La deuxième implication analytique de cette démarche en
économie politique concerne les trois piliers du développement
durable –social, environnemental et économique- et leur
positionnement respectif. Dans les typologies mentionnées ci-
dessus, si les auteurs ne sont pas forcément d’accord sur les
positionnements de tels ou tels travaux, ils ont néanmoins en
commun de définir trois catégories en fonction de la priorité
affichée pour l’un ou l’autre des piliers du développement
durable (Godard [1994], Vivien [2004]). L’« entrée » dans le
développement durable retenue ici se fait par le social, mais se
préoccupe bien des possibilités de l’articulation entre les trois
piliers, sans laquelle il ne saurait être question de développement
« durable ». En cela, la démarche rejoint la proposition faite par
J.-P. Revéret (2004) : « le développement social et humain est un
objectif, l’intégrité écologique, une condition, et le
développement économique, un moyen ».
Une troisième et dernière implication concerne l’analyse
territoriale. Dans la mesure où les enjeux de l’application des
principes du développement durable aux pays en voie de
développement constituent l’objet de l’analyse, il convient en
effet de s’interroger à la fois sur le niveau territorial pertinent
pour édicter les objectifs du développement durable, mais
également sur celui où sont mis en place les moyens de les
atteindre. Les travaux portant sur l’ancrage territorial du
développement durable peuvent là encore faire l’objet d’une
typologie en trois catégories. Les premiers postulent sur « la
prééminence du global », les deuxièmes se fondent sur
« l’antériorité du régional » (Vivien et Zuindeau, 2001), les
troisièmes enfin, travaillant sur la nécessaire articulation des
niveaux territoriaux, reconnaissent la nécessité d’un niveau
intermédiaire susceptible d’assurer « la rencontre des logiques
ascendante et descendante » (Godard, 2005, p7). L’analyse
menée ici s’inscrit directement dans ce cadre, relativement
compatible avec une démarche en économie politique soucieuse
de la construction des compromis entre acteurs appartenant à des
niveaux territoriaux différents.
développement durable ; l’environnement étant considéré comme
nécessaire à la survie de l’espèce humaine. En d’autres termes,
l’hypothèse d’une Terre parfaitement préservée –wilderness-,
dans laquelle le bien-être des hommes ne rentre pas en ligne de
compte, n’est pas notre objet.
Les critères caractéristiques d’une démarche d’économie
politique ayant été précisés, il convient désormais d’analyser la
signification de la succession des notions concernant le
développement des pays du Sud, en prenant soin de distinguer
ceux qui ont au moins fait l’objet d’une tentative d’application de
ceux qui sont restés à l’état de projets.
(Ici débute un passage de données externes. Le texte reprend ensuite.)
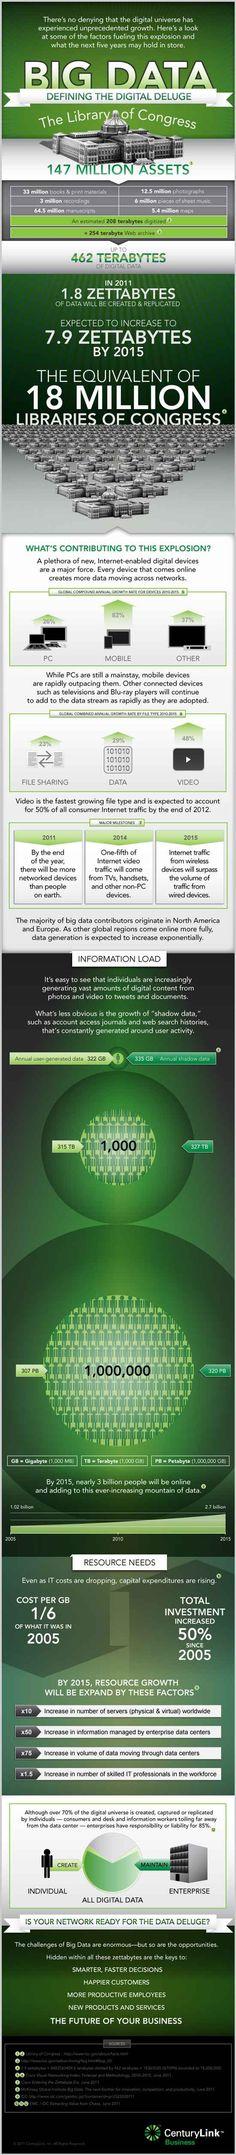 [Big Data et les 10 tendances stratégiques] En 2015, environ 3 milliards de personnes seront connectées et partageront des (leurs) données. Le volume attendu est de l'ordre de 8 Zettabytes (soit 8 milliards de Tb).

Développement, développement durable, écodéveloppement :
des notions concurrentes pour des projets différents
La prise de conscience de la finitude du monde remonte au tout
début des années 1970 avec la publication notamment du premier
Rapport Meadows. Le terme de développement durable apparaît
quant à lui dès 1980 dans un rapport de l’Union Internationale
pour la Conservation de la Nature. Il n’est cependant médiatisé
qu’à partir de la publication du Rapport Brundtland en 1987.
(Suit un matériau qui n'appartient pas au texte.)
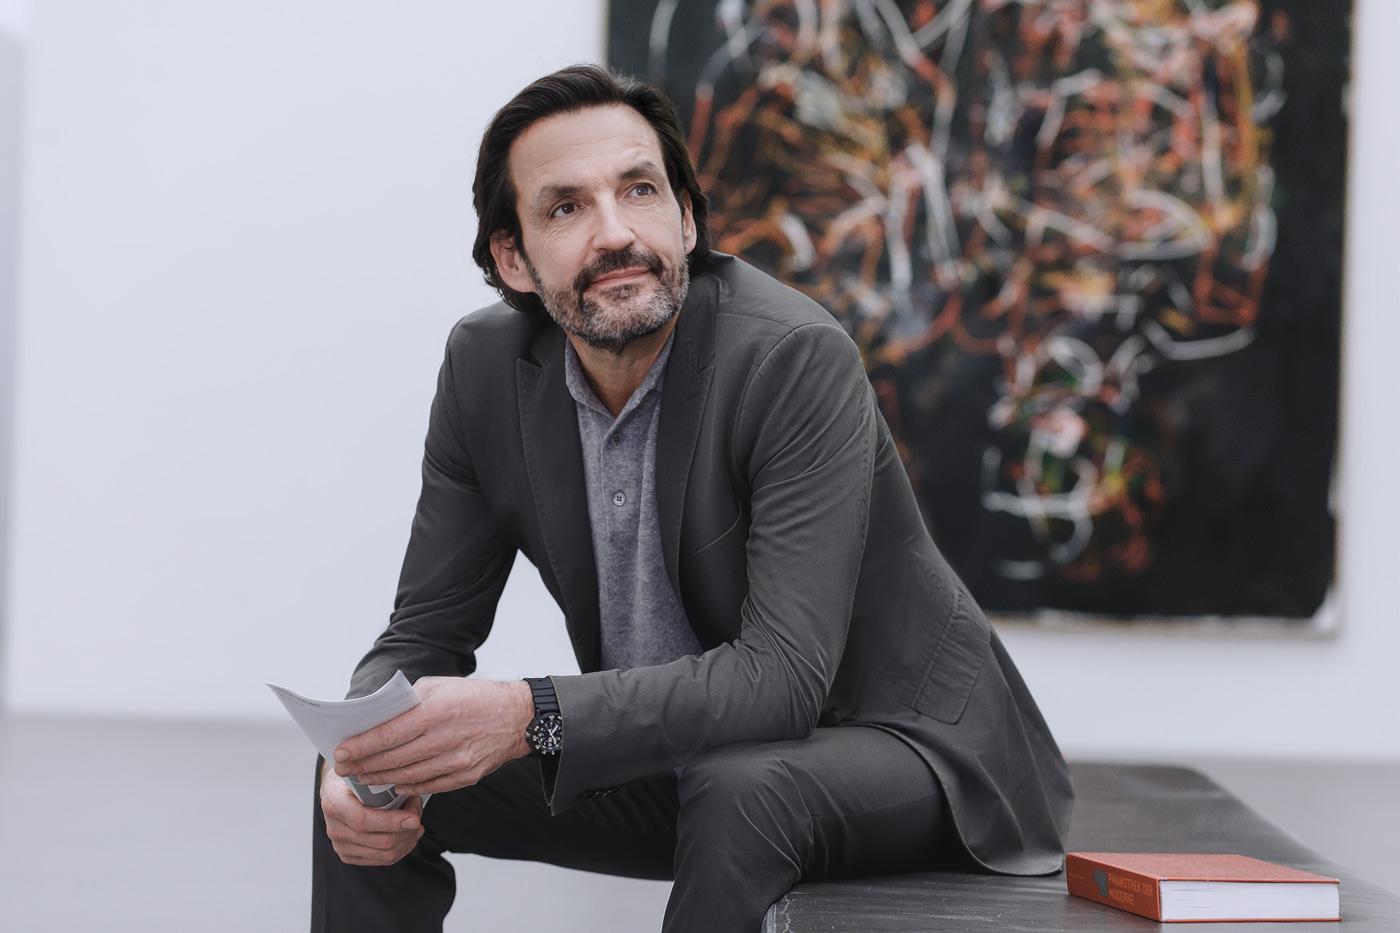 Kunstliebhaber beim Betrachten von Gemälden

Les projets proposés durant les années 1970 pointent davantage
les contradictions entre les sphères économiques et
environnementales. Ils soulignent parfois même l’irréductibilité
entre le maintien de la croissance économique et la préservation
des conditions de survie de l’espère humaine sur la terre. Dans ce
contexte, et face à la réaction d’un certain nombre de dirigeants
politiques (Kissinger suite au Sommet de Coyococ en 1974 en
particulier), l’ONU va explicitement demander à Gro Harlem
Brundtland de travailler sur des propositions en faveur d’un
« consensus » autour du double thème du développement et de
l’environnement. Il faut dépasser le conflit entre les deux sphères
et les réconcilier. Pour l’initiative onusienne, le développement
« durable » doit désormais se présenter comme « englobant » le
développement. Le développement durable est censé relever du
développement avec une dimension supplémentaire : la prise en
compte de l’environnement qui entraîne nécessairement la
réflexion sur les générations futures.
L’analyse des enjeux de l’avènement du développement durable
pour les pays du Sud, nécessite de revenir sur le moment précis
du « basculement des propositions » en matière de
développement durable : le passage « direct » du développement
au développement « durable », qui s’est opéré au cours de la
décennie 80. Ce passage se fait au détriment du projet
d’écodéveloppement, initié au début des années 70 dans le but
explicite de trouver une solution à la situation du Tiers Monde.
Développement et environnement : les projets des années 70.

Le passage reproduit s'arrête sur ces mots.